I am using Qiime2 to calculate Unifrac distance matrix from 16S data.
I have about 16 samples from 2 types of conditions. like Time x body site. Every condition just have two levels, so 16 samples can be stacked into 4 groups(2x2),every group have 4 samples.like before-oral, after-oral, before-fecal, after-fecal. Then I calculated the weighted Unifrac distance as Matrix 1
By some reason, I changed the groups, like before-oral, after-oral→oral, before-fecal, after-fecal→fecal. So OTU table, no change; pre-sequence, no change; only meta file for samples changed. Then I calculated weighted Unifrac distance as Matrix 2.
Finally, I suddenly found that the distance between same pari of two samples was different between Matrix 1 and Matrix 2. I do not know why. I am thinking it is impossible. Like what I know is that unifrac distance between two samples is dependent on the phylogenetic tree and the shared OTU. However, phylogenetic tree and shared OTU is not changed. Did I make a mistake? or the shared OTU is dependent on groups not two samples?
Please, provide more data. I don't think it's the failure of Q2, but if it is there's always chance that it might be a .
Yes, distance should not change in that case.
Hi, Thank you for your reply.
sorry for the less information. But I find where is the problem, it is not a bug. I am using a script to generate cmds for qiime2 at once. Because I need change the OTU table and meta file every time to test some hypothesis, so this script will start from convert data to biom and qza, then generate phylogenetic tree. So I remember the agorism of fasttree that if I were using more than 1 thread ( or 1 thread is same?) , the place of near OTU would be exchanged. Usually this would not make any changing on the conclusion of phylogenetic tree.
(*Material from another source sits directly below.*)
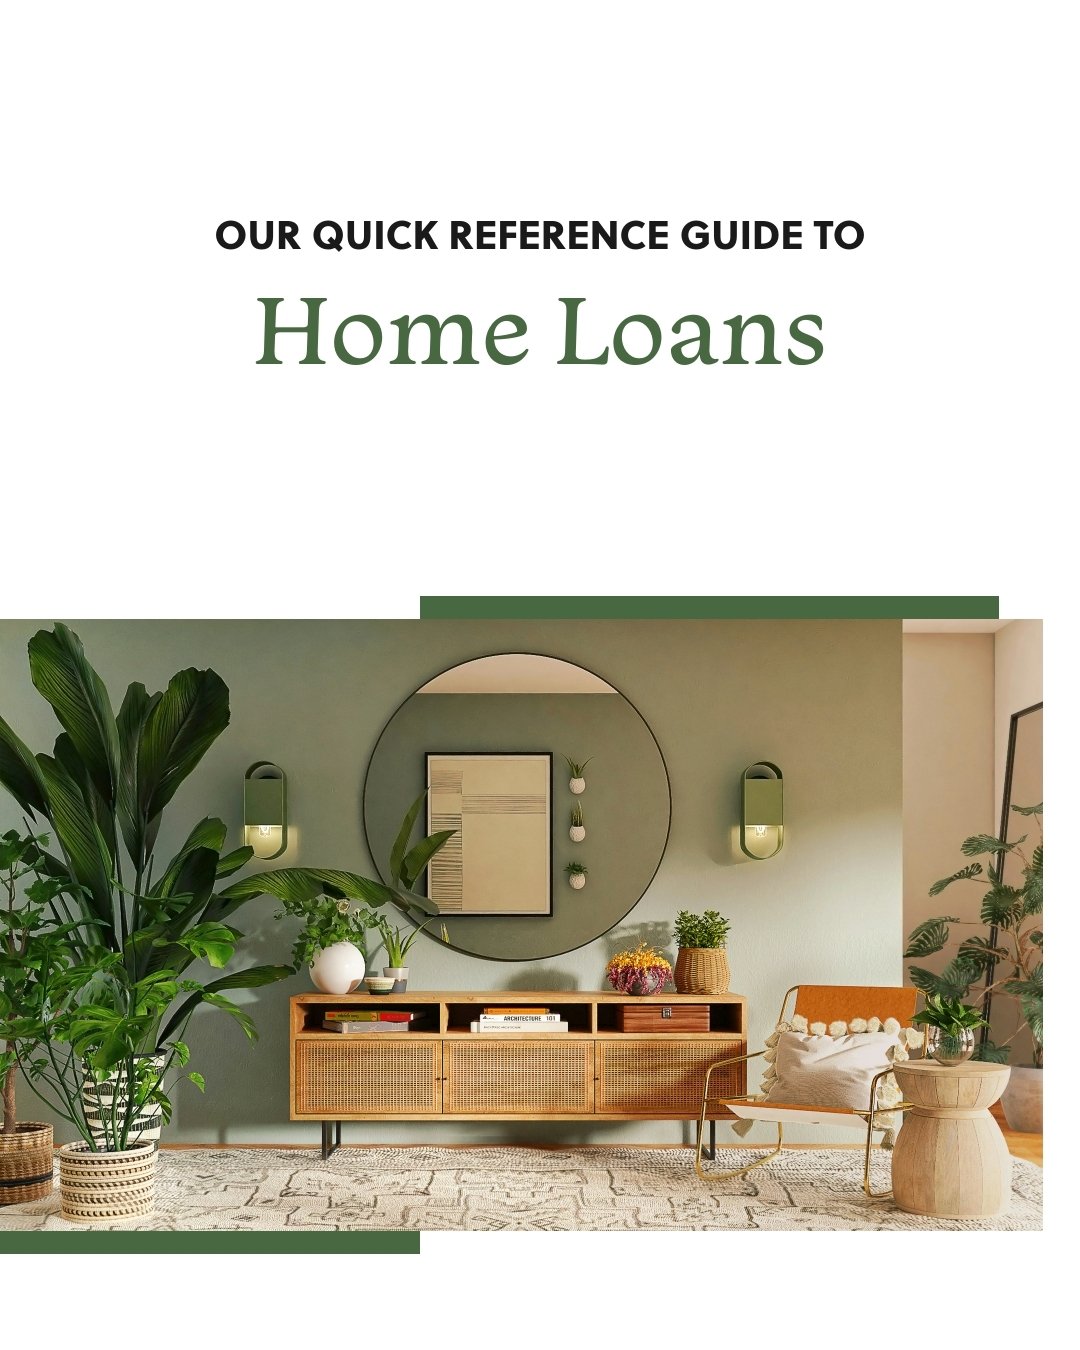 🔑 (Almost) Everything You Need to Know About Getting a Home Loan

Navigating the world of home financing can be complex, but you don&rsquo;t have to do it alone. Hopefully, this info can help demystify the different types of mortgages available, how

But Unifrac distance calculation is very sensitive to the location of OTU, any small changing will affect the value, especially on the case with large number of OTUs and a lot of them is similar.
When I used same tree, only changed meta file, I got same distance matrix. I think this problem have already been solved, and no need to show the data and command. If you know what, I will try to upload a small set of data.
Perfect, this technique is called "a rubber duck" - you need to explain your code/calculation to an imaginary "rubber duck", it helps to verbalize ideas and find problems/pitfalls.
I'm glad it's solved!